Узбек тоже проявил щедрость: подарил спортивный костюм.
В ответ на приглашение поужинать Кузя лишь попросил разрешения позвонить.
Михалыч не ответил на упорные звонки, и Кузя вернул фон.
– Прихади утрам, дарагой! Прихади – ни пажалеишь! – радушно настаивал узбек на прощание.
* * *
Старая одежда осталась в мусорной корзине магазина, о чём Кузя пожалел позднее: ведь не в новой же ночевать под кустом или в лесу. Он допоздна просидел в сквере, ожидая, когда стемнеет, а потом улёгся на скамейке.

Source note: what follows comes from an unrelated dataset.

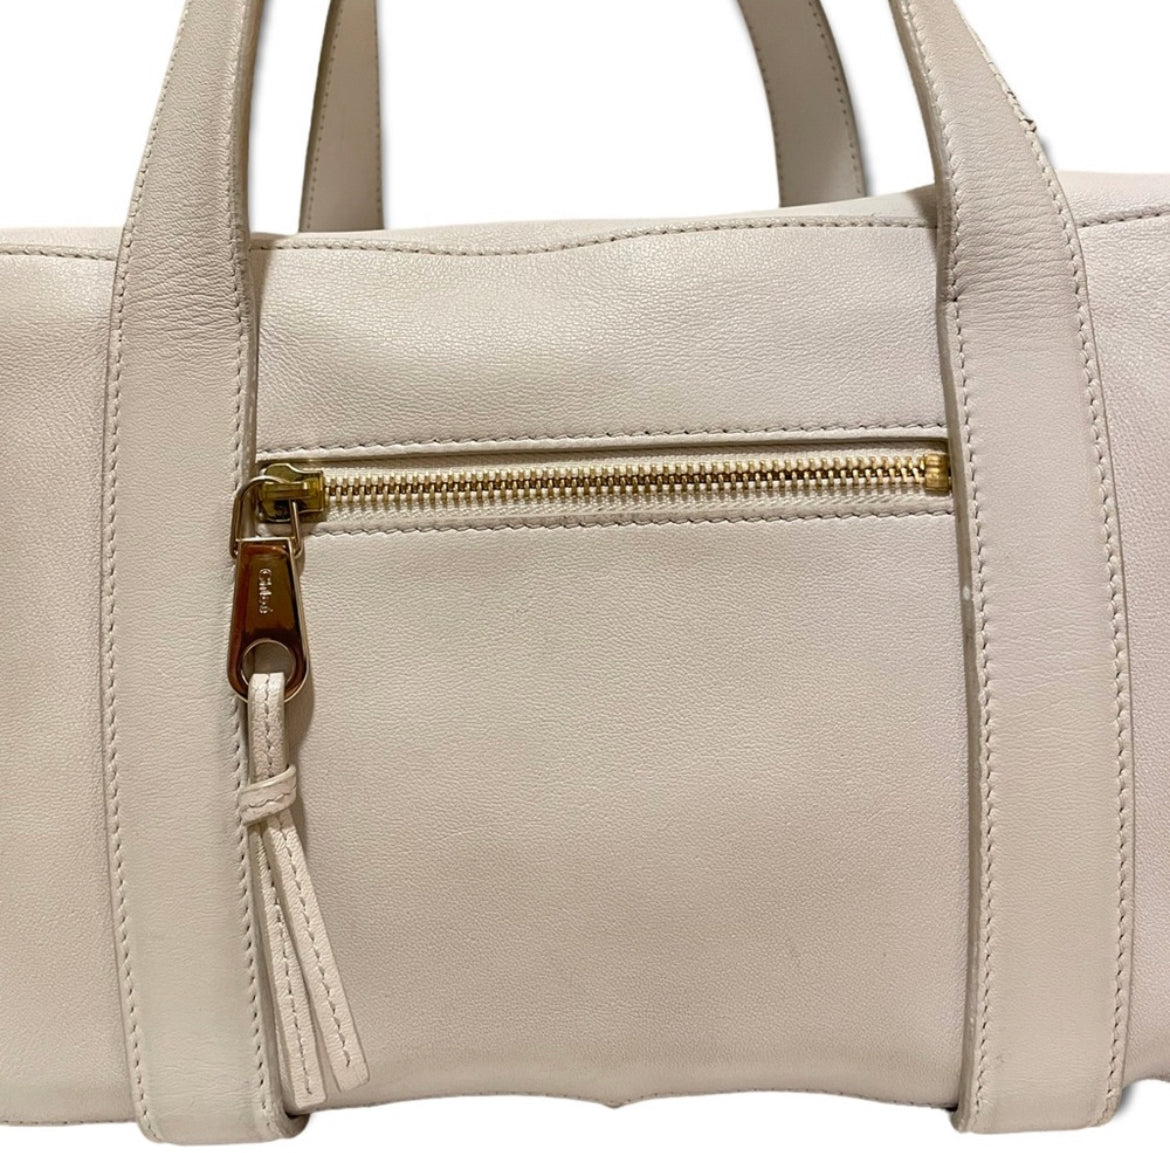 Chloe White leather Tote Handbag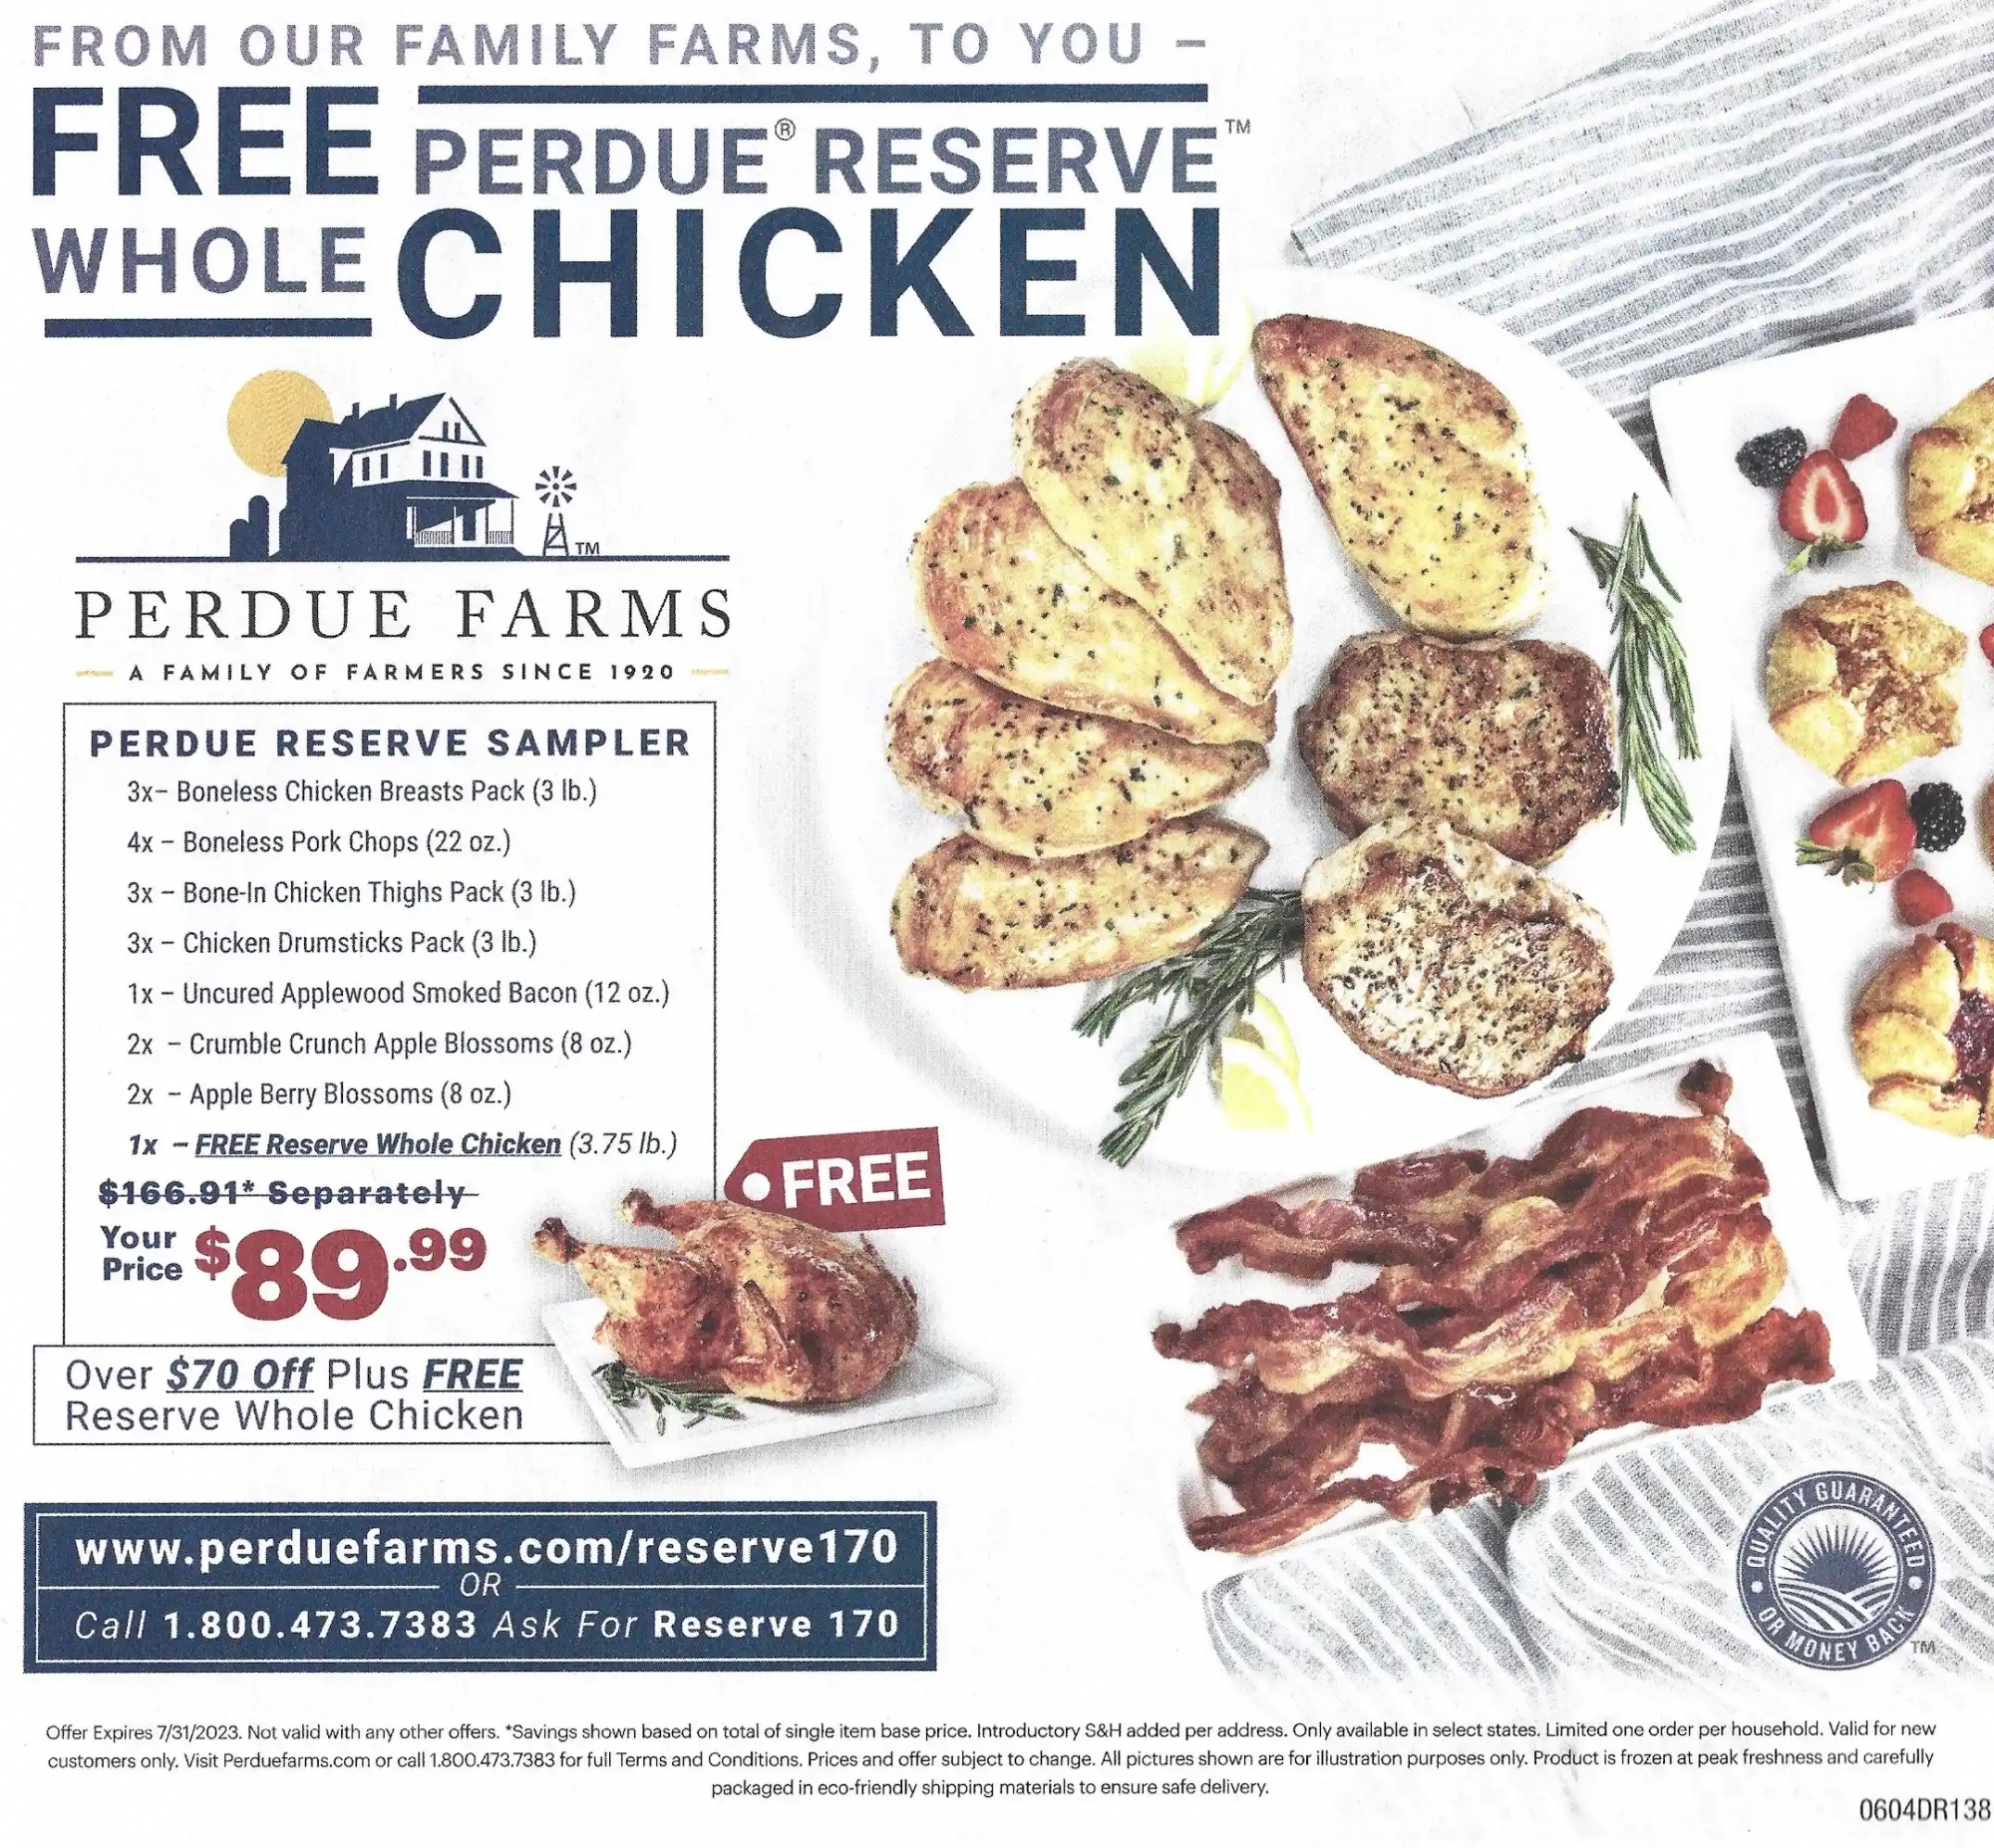 Perdue Farms Free Whole Chicken Promo Code - Expires 07/31/2023

Проснулся от шёпота: «По башке бей!» – и, открыв глаза, увидел двух пацанов в зелёном свете. У одного в руке был камень, а у другого кирпич. Они медленно подходили – подрастающее поколение преступников – очевидно робея, но в решимости на «подвиг». Когда замах вознёсся, по удару получили оба – не настолько, чтобы травмировать, но запоминающиеся надолго.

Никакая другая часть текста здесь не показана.